Tuesday, March 27, 2012

The Announcement

A few weeks ago I watched "The Announcement" on ESPN and was moved beyond belief.  This doesn't happen to me much when I watch TV.  I watched the entire show and came away with two lasting impressions.

1) I truly admire Magics courage that he continues to show.
2) My entire view of Pat Riley has changed for the better.

Growing up I was always a Jordan fan.  My father is still paying off the credit card debt due to my purchasing of all the Jordan shoes as soon as they came out.  Therefore, I didn't care much for Larry Bird or Magic.  I hated the Lakers.  They were everything I wasn't.  However, I remember the day when Magic Johnson announced he was HIV positive.  I had track practice for St. M.M. at Eastern High School.  It was a colder October day.  I figured like many other people that Magic was on borrowed time.  It wouldn't be long before he would be literally a skeleton of his former self and he would die.  The name Freddy Mercury meant little to me, AIDS was just something I saw on the news every so often.  Magic, an NBA MEGAstar, was a different story.  It had a profound effect on a young boy way across the country.  Magic didn't get it from drug use, didn't get it from a transfusion, he got it from sex.  You hate for anyone to catch this disease, regardless of how they obtain it, but no one should die from having sex.  HIV is a horrific, embarrassing, illness.  Magic could have reacted a lot of ways to this situation.   He was recently married and his wife was pregnant.  He could have retired and retreated from the spotlight.  He didn't do that.  To some degree he continued to play, earning another All Star MVP and a gold medal.   He attacked the virus the same way he attacked a fast break.  20 years later he looks better than most "healthy" people.  Magic has built a financial empire, and gives back to so many people who can't afford treatment for HIV.  Through all of this, Magic has taught us two very important lessons.  1) It CAN happen to anyone.  Not just a homosexual in West Hollywood.  2) We are all on borrowed time, too often we forget that.
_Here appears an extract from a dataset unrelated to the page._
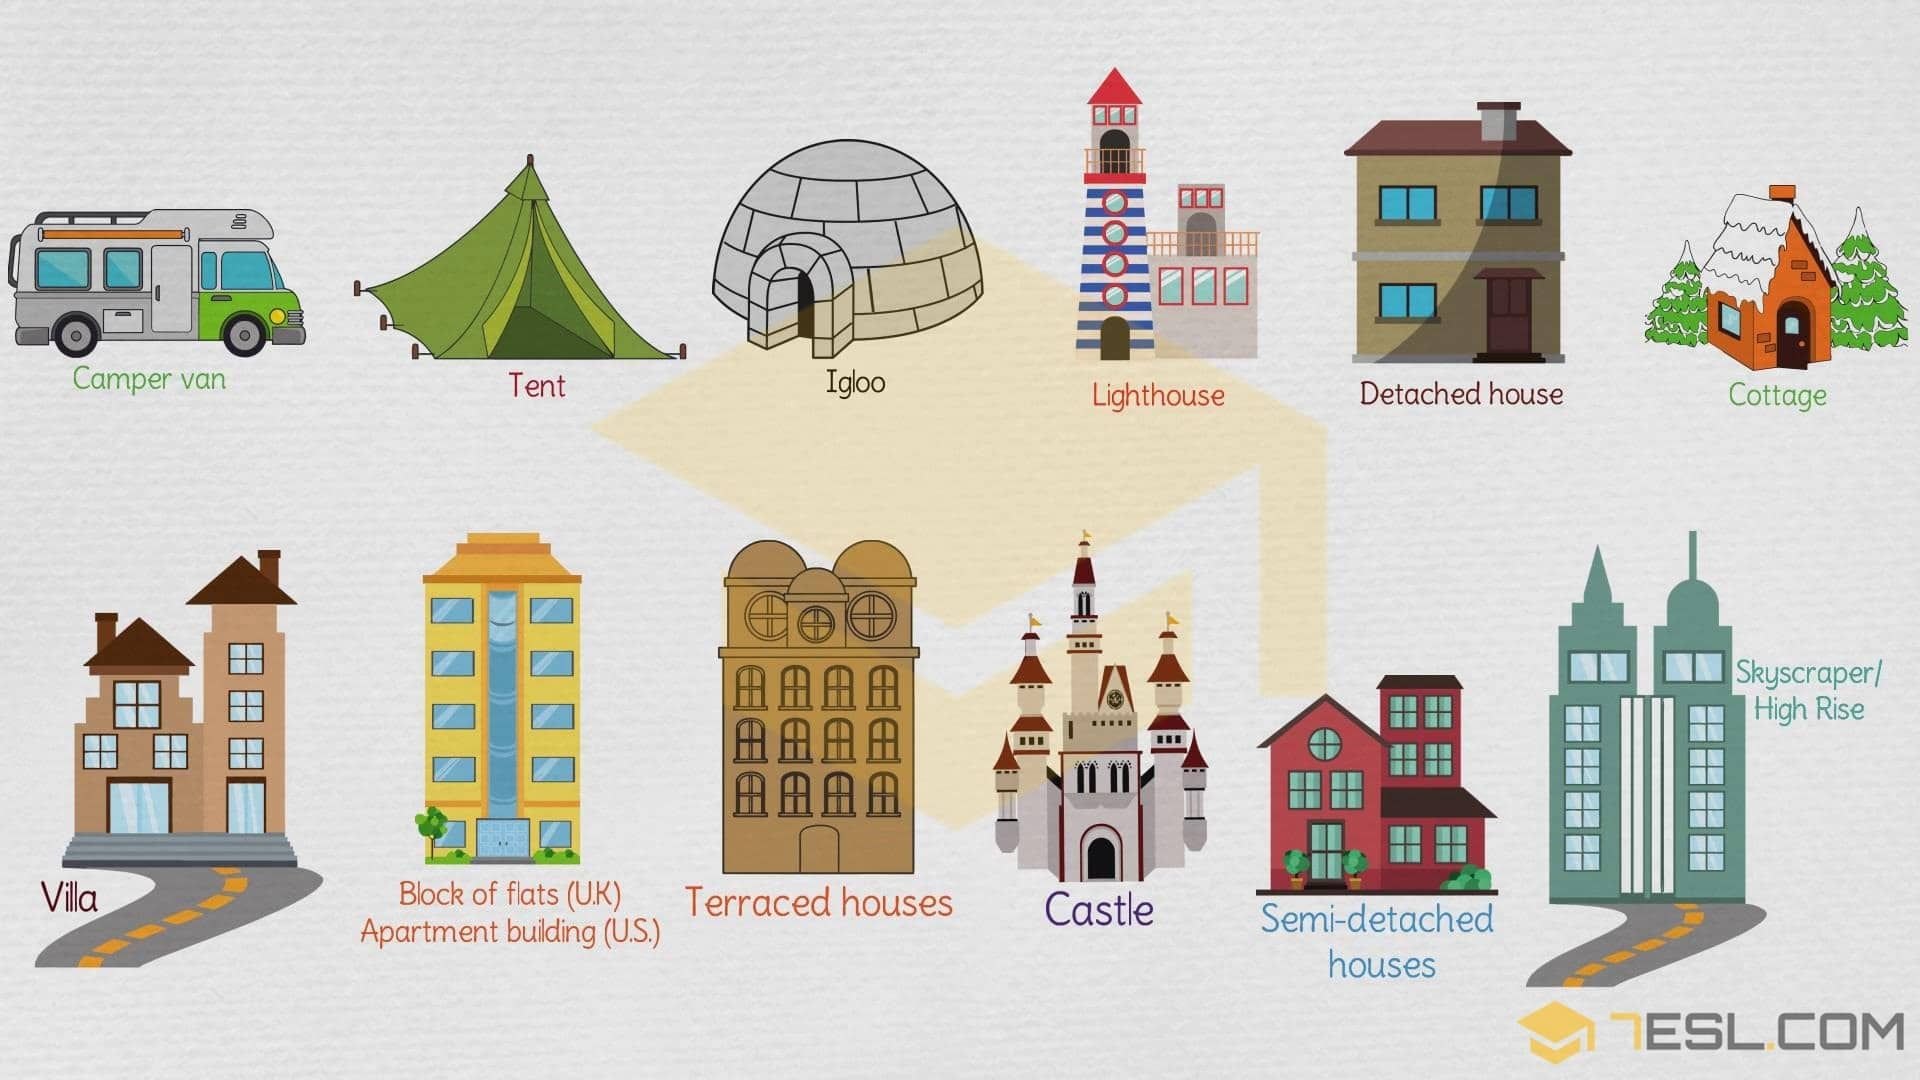 Kinds of housing. Иллюстрации разных домов. Изображения различных архитектурных построек. Картинки здания дома. Здания разной архитектуры для дошкольников.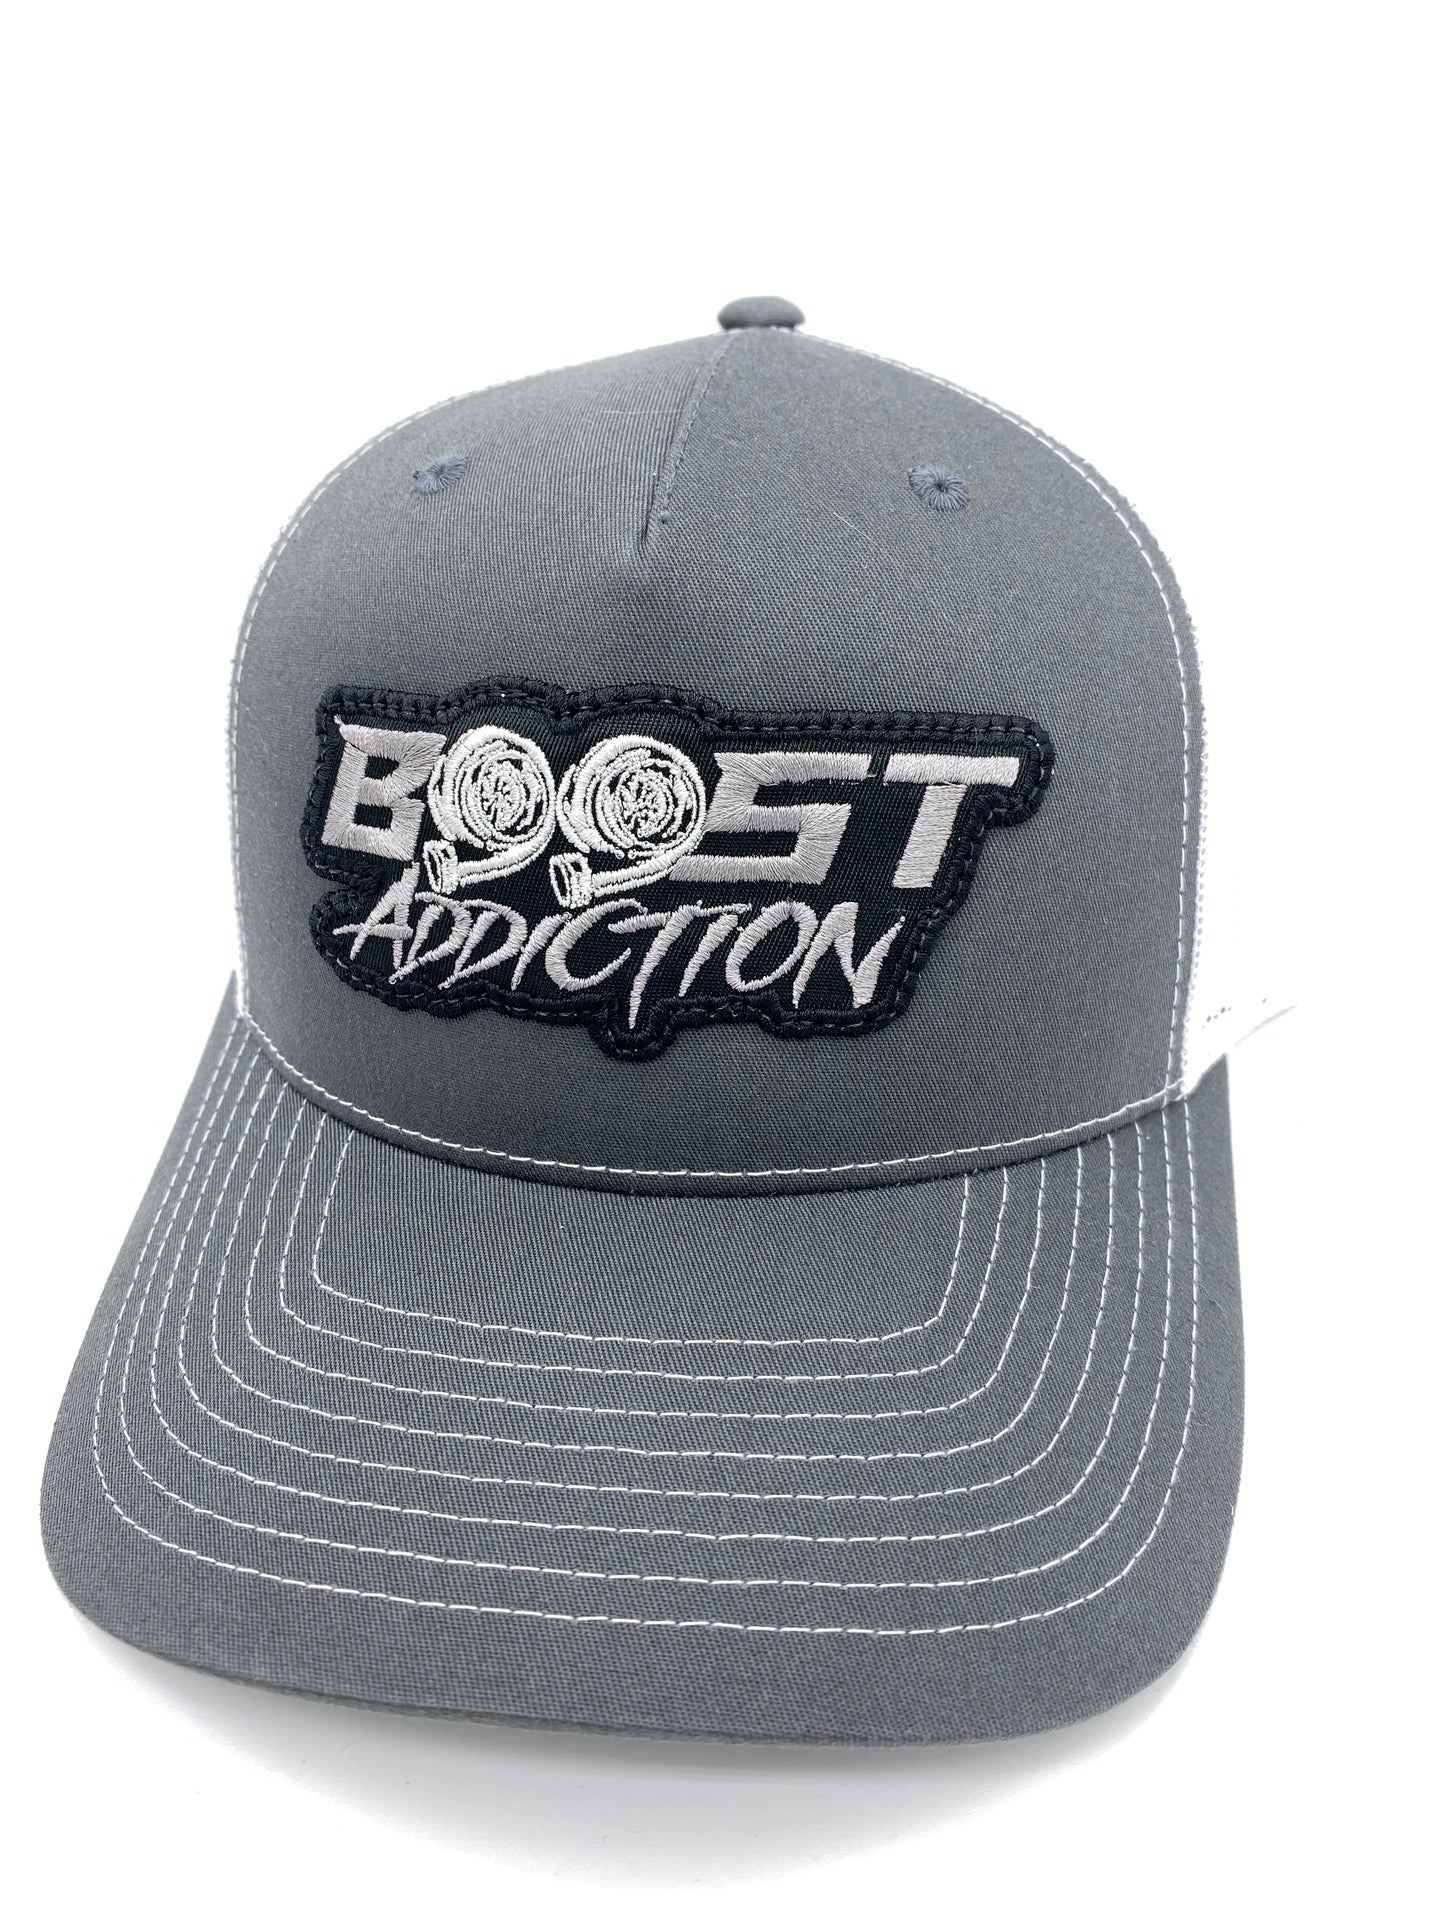 Boost Addiction hat

Despite how impressed I was with Magic, I walked away being equally as impressed with Pat Riley.  I knew very little about Pat Riley prior to this show and perhaps I still don't.  What I thought I knew, I never really liked.  The slicked back hair, the Lakers (not the Bulls), the Knicks (not the Bulls), the SHOWTIME, the flash, Yankee, etc.  I just never really liked the guy.  I always thought that his two best qualities were the fact that he was a Greek from The University of Kentucky.  After all, UK does produce great Greeks!  I was absolutely floored at the compassion, emotion and support that Riley showed Magic.  It is easy for us to sit back today and proclaim that we would do the same thing.  When you put it in the context of the day and time, it was pretty remarkable.  Coach Riley cried when he heard the news, openly hugged Magic when many people didn't want to literally touch someone with HIV, offered Magic a chance to play basketball with him at NY and didn't shun Magic the way many "friends" did.   Rarely have I been more proud of a UK graduate than I was with the way Pat Riley handled that situation.  Who knows what Riley's legacy will be?  It might be the fact that he was one of Rupp's Runts, the team that lost to Texas Western in 1966.  It might be the his 9 year NBA career.  Maybe the fact that he was 3 time NBA Coach of the Year, and 5 time NBA Champion.  It might be all of it.  It should be the class he showed to Magic Johnson.  That is a legacy we should all hope to obtain in our own lives, and the only part of Pat's legacy that we (with our limited basketball coaching/playing skills) might actually hope to obtain.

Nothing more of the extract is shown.